We make a general method for setting up the model

def setup_model(dx=0.5):
    Lx = 20.0  # mm
    Ly = 7.0  # mm
    Lz = 3.0  # mm

    N = lambda v: int(np.rint(v))
    mesh = dolfin.BoxMesh(
        dolfin.MPI.comm_world,
        dolfin.Point(0.0, 0.0, 0.0),
        dolfin.Point(Lx, Ly, Lz),
        N(Lx / dx),
        N(Ly / dx),
        N(Lz / dx),
    )

    L = mesh.coordinates().max()

    # Surface to volume ratio
    chi = 140.0  # mm^{-1}
    # Membrane capacitance
    C_m = 0.01  # mu F / mm^2

    # Conductivities as defined by page 4339 of Niederer benchmark
    sigma_il = 0.17  # mS / mm
    sigma_it = 0.019  # mS / mm
    sigma_el = 0.62  # mS / mm
    sigma_et = 0.24  # mS / mm

    # Compute monodomain approximation by taking harmonic mean in each
    # direction of intracellular and extracellular part
    def harmonic_mean(a, b):
        return a * b / (a + b)

    sigma_l = harmonic_mean(sigma_il, sigma_el)
    sigma_t = harmonic_mean(sigma_it, sigma_et)

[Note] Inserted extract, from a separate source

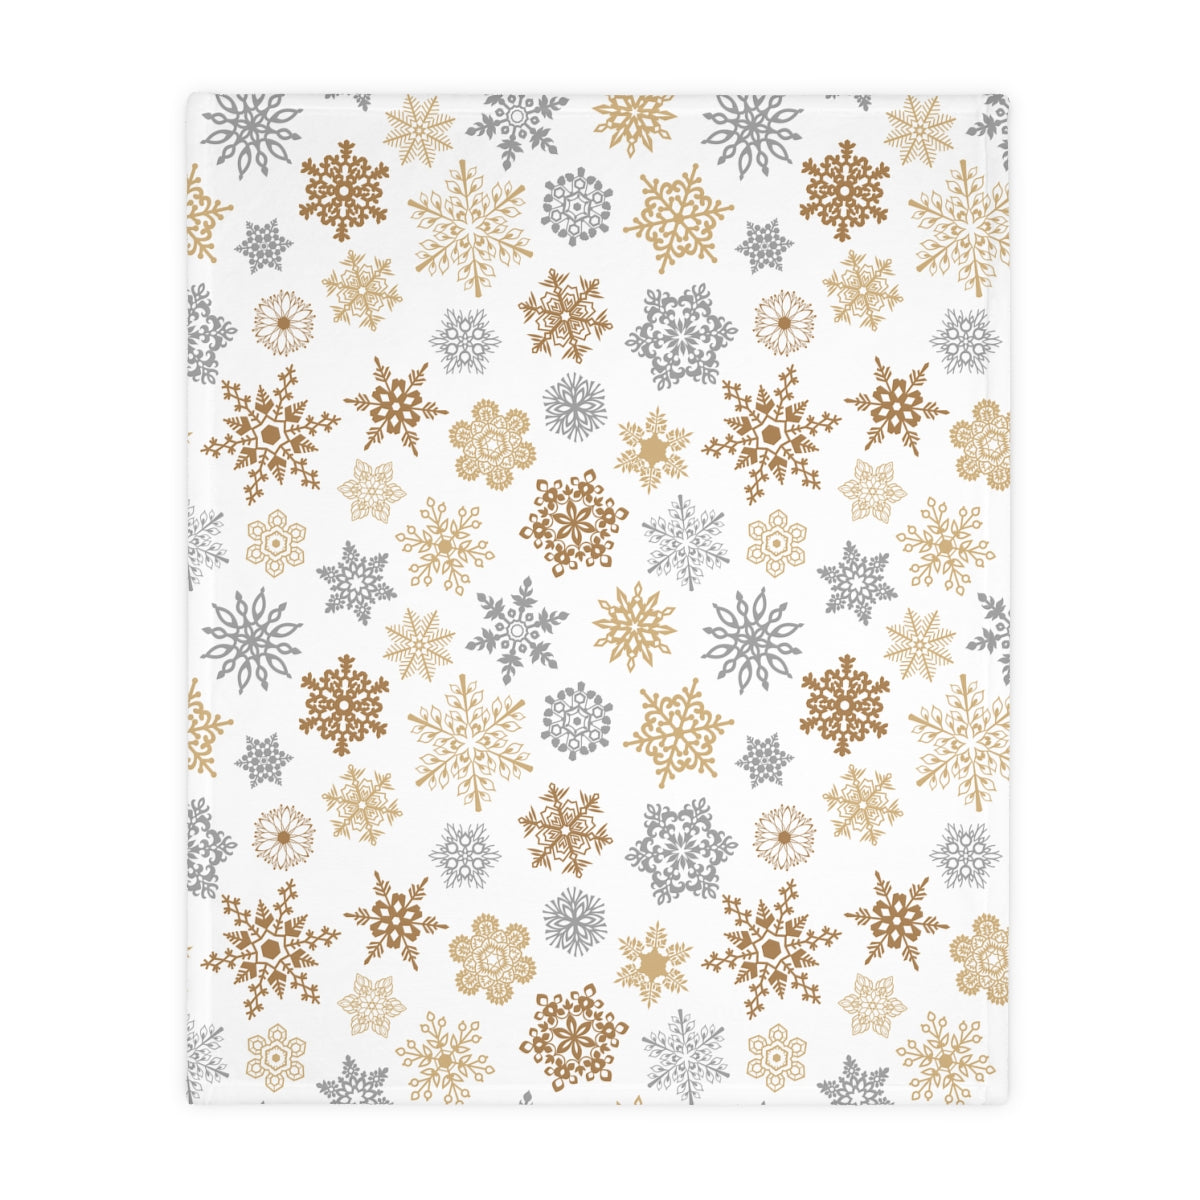 Gold and Silver Snowflakes Velveteen Minky Blanket (Two-sided print)

    # Scale conductivities by 1/(C_m * chi)
    s_l = sigma_l / (C_m * chi)  # mm^2 / ms
    s_t = sigma_t / (C_m * chi)  # mm^2 / ms

    M = dolfin.as_tensor(((s_l, 0, 0), (0, s_t, 0), (0, 0, s_t)))

    # Define time
    time = dolfin.Constant(0.0)

    # Mark stimulation region defined as [0, L]^3
    S1_marker = 1
    L = 1.5
    S1_subdomain = dolfin.CompiledSubDomain(
        "x[0] <= L + DOLFIN_EPS && x[1] <= L + DOLFIN_EPS && x[2] <= L + DOLFIN_EPS",
        L=L,
    )
    S1_markers = dolfin.MeshFunction("size_t", mesh, mesh.topology().dim())
    S1_subdomain.mark(S1_markers, S1_marker)

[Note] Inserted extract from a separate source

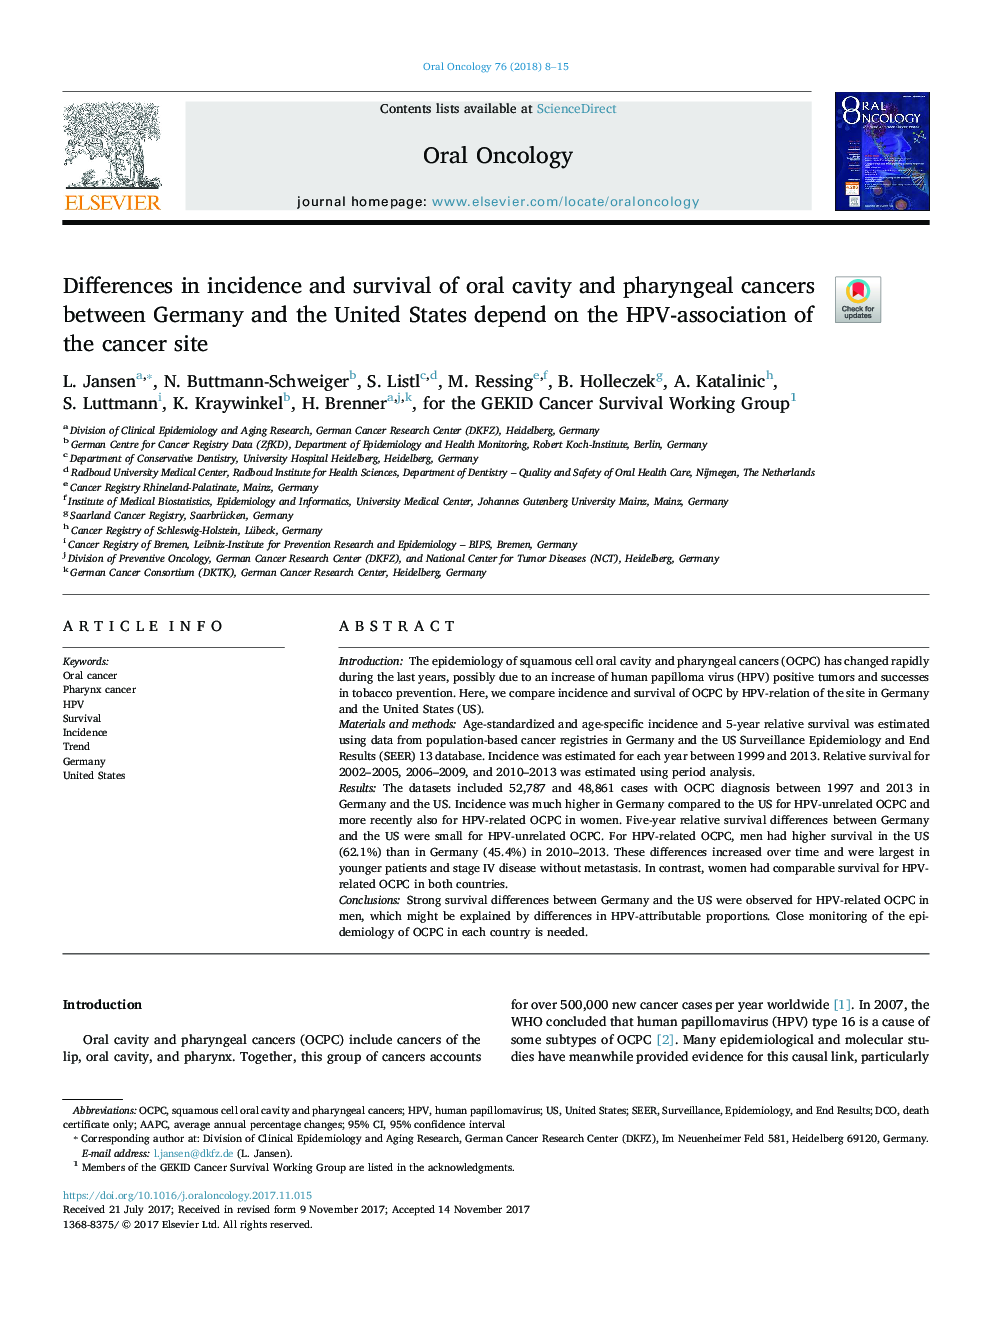 Differences in incidence and survival of oral cavity and pharyngeal cancers between Germany and the United States depend on the HPV-association of the cancer site

    # Define stimulation (NB: region of interest carried by the mesh
    # and assumptions in cbcbeat)
    duration = 2.0  # ms
    A = 50000.0  # mu A/cm^3
    cm2mm = 10.0
    factor = 1.0 / (chi * C_m)  # NB: cbcbeat convention
    amplitude = factor * A * (1.0 / cm2mm) ** 3  # mV/ms
    I_s = dolfin.Expression(
        "time >= start ? (time <= (duration + start) ? amplitude : 0.0) : 0.0",
        time=time,
        start=0.0,
        duration=duration,
        amplitude=amplitude,
        degree=0,
    )
    # Store input parameters in cardiac model
    stimulus = cbcbeat.Markerwise((I_s,), (1,), S1_markers)
    return mesh, time, M, stimulus

One method for running the benchmark using goss

def run_benchmark_goss(mesh, time, M, stimulus, T, dt, scheme="GRL1"):
    gotran_ode = gotran.load_ode("tentusscher_panfilov_2006_M_cell.ode")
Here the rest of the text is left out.